■ Exercise aim:
Start at the line with "for service support." and print every line through the end of the material below. Keep it exact and free of pictures.

■ Information provided:
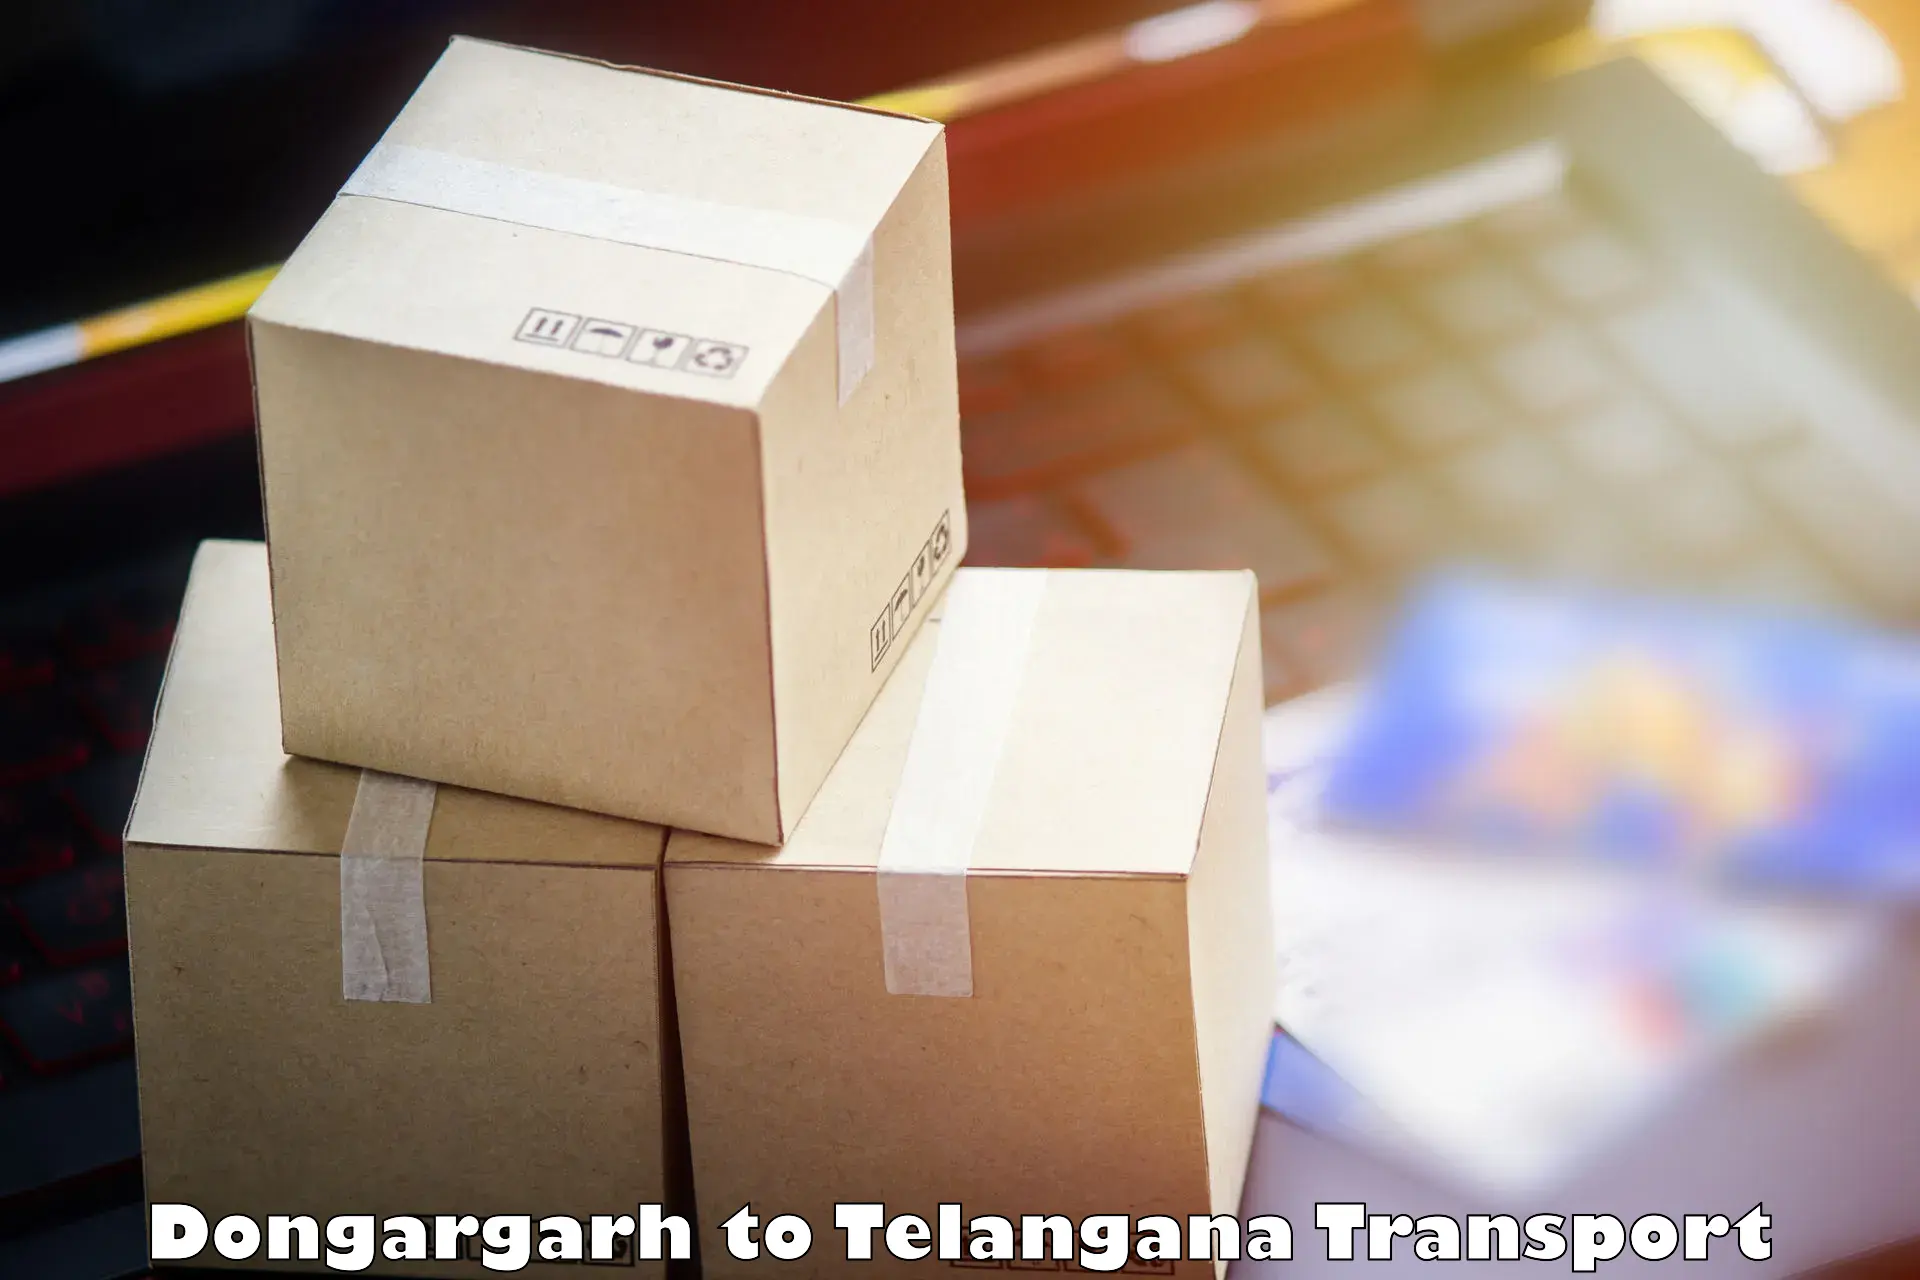 Truck transport companies in India in Dongargarh to Manneguda
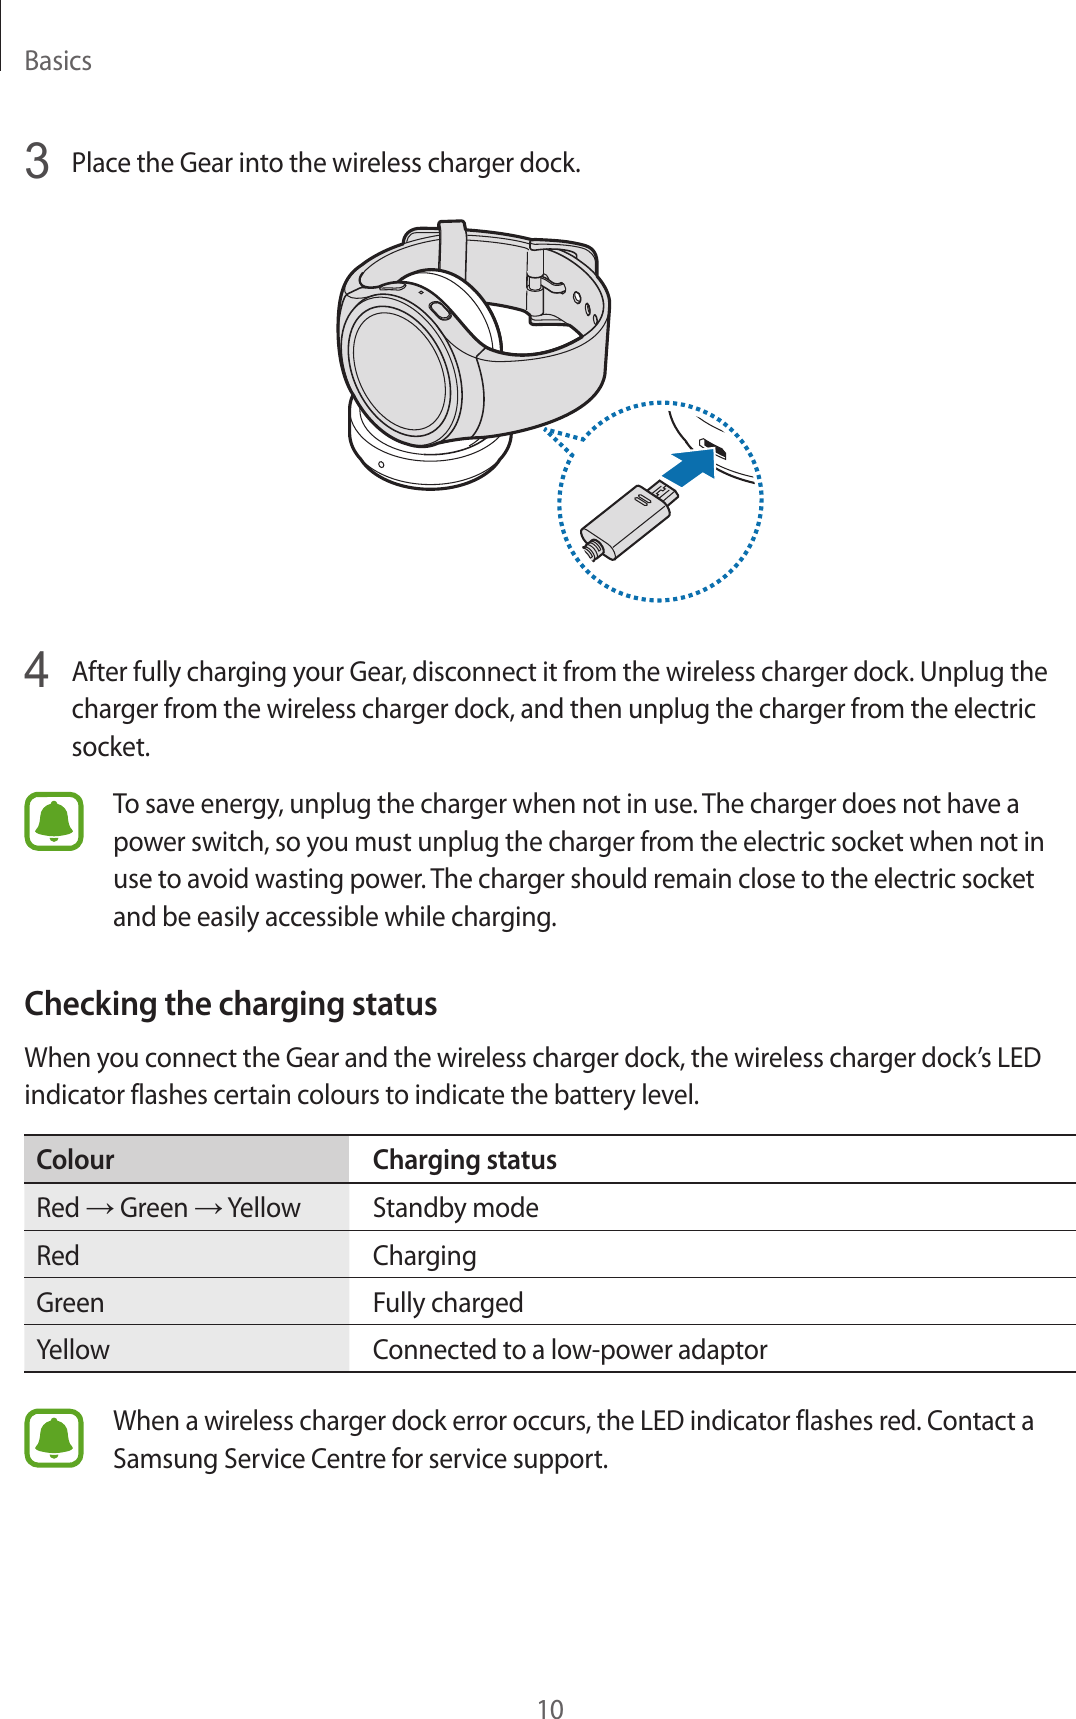 Basics103  Place the Gear into the wireless charger dock.4  After fully charging your Gear, disconnect it from the wireless charger dock. Unplug the charger from the wireless charger dock, and then unplug the charger from the electric socket.To save energy, unplug the charger when not in use. The charger does not have a power switch, so you must unplug the charger from the electric socket when not in use to avoid wasting power. The charger should remain close to the electric socket and be easily accessible while charging.Checking the charging statusWhen you connect the Gear and the wireless charger dock, the wireless charger dock’s LED indicator flashes certain colours to indicate the battery level.Colour Charging statusRed → Green → Yellow Standby modeRed ChargingGreen Fully chargedYellow Connected to a low-power adaptorWhen a wireless charger dock error occurs, the LED indicator flashes red. Contact a Samsung Service Centre for service support.
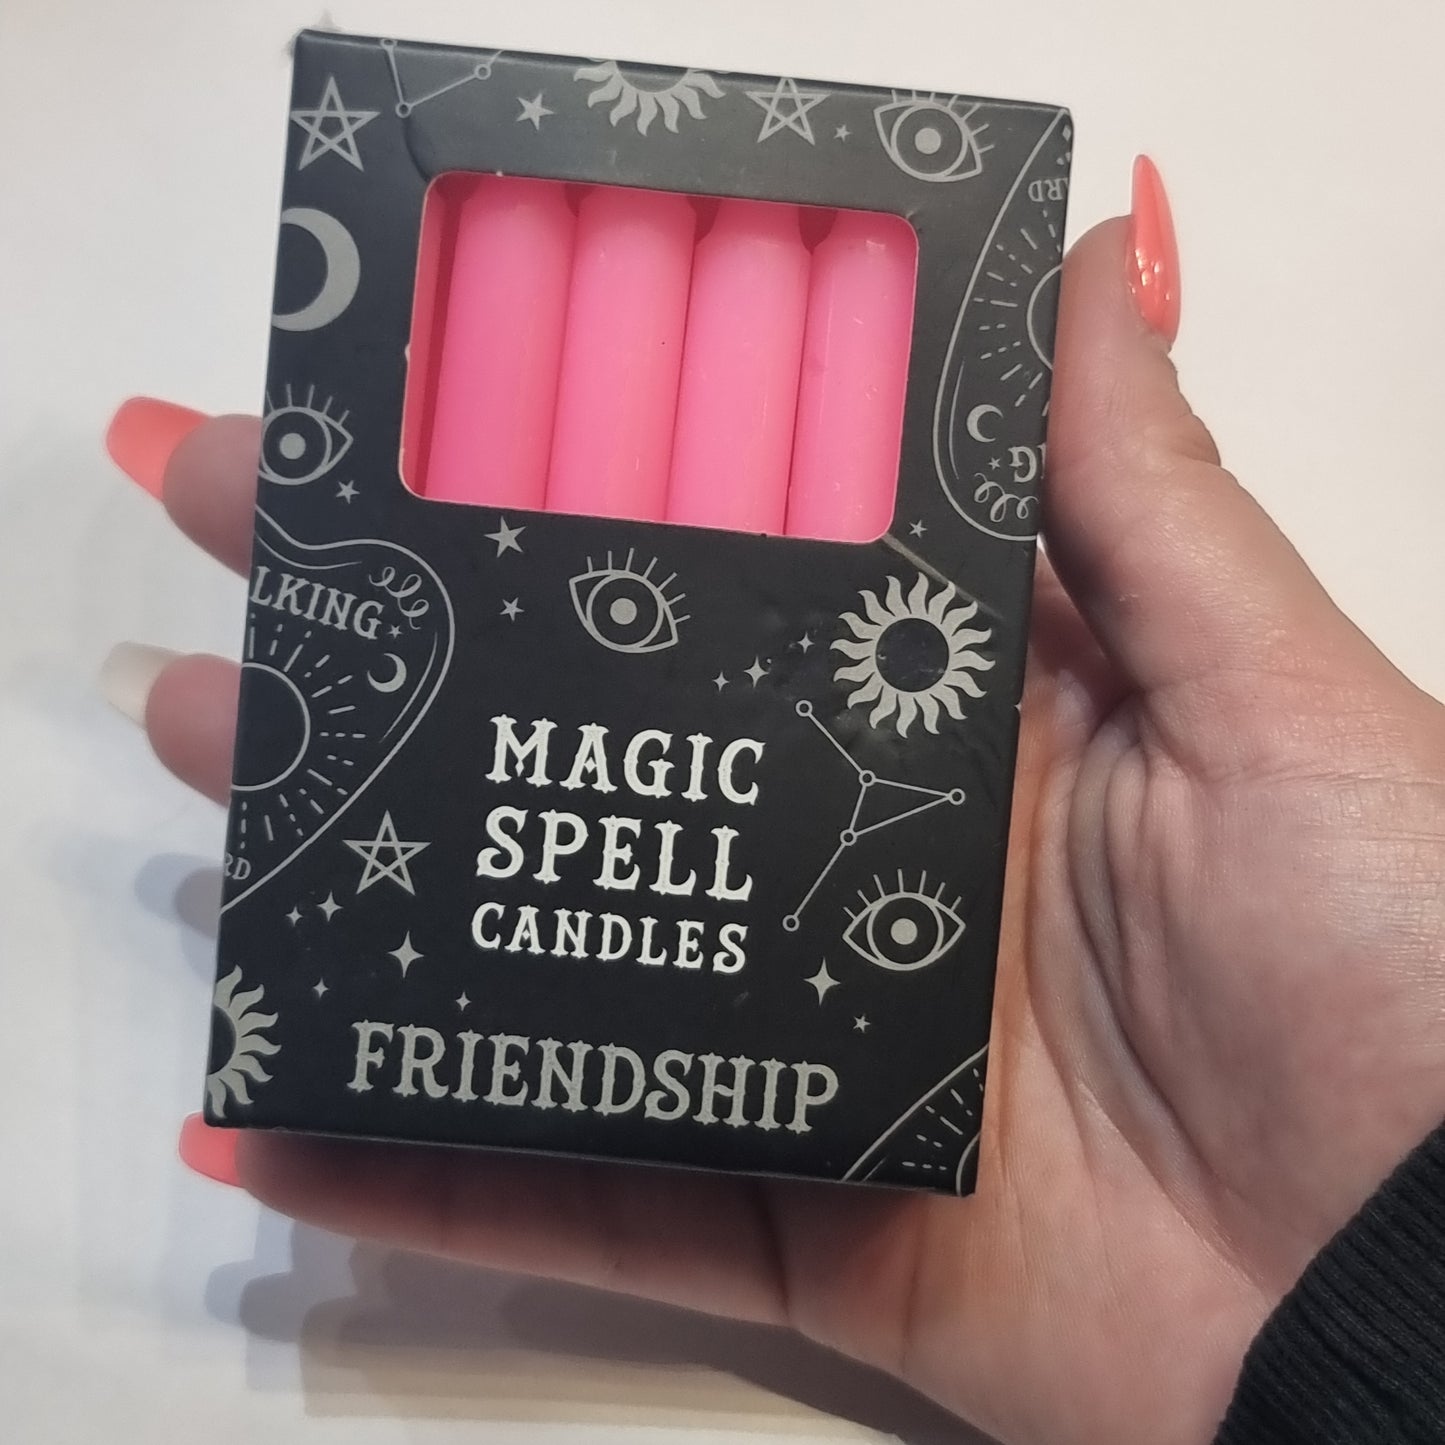 Spell candles - friendship - Rivendell Shop

■ Response:
 Basics103  Place the Gear into the wireless charger dock.4  After fully charging your Gear, disconnect it from the wireless charger dock. Unplug the charger from the wireless charger dock, and then unplug the charger from the electric socket.To save energy, unplug the charger when not in use. The charger does not have a power switch, so you must unplug the charger from the electric socket when not in use to avoid wasting power. The charger should remain close to the electric socket and be easily accessible while charging.Checking the charging statusWhen you connect the Gear and the wireless charger dock, the wireless charger dock’s LED indicator flashes certain colours to indicate the battery level.Colour Charging statusRed → Green → Yellow Standby modeRed ChargingGreen Fully chargedYellow Connected to a low-power adaptorWhen a wireless charger dock error occurs, the LED indicator flashes red. Contact a Samsung Service Centre for service support.
 Spell candles - friendship - Rivendell Shop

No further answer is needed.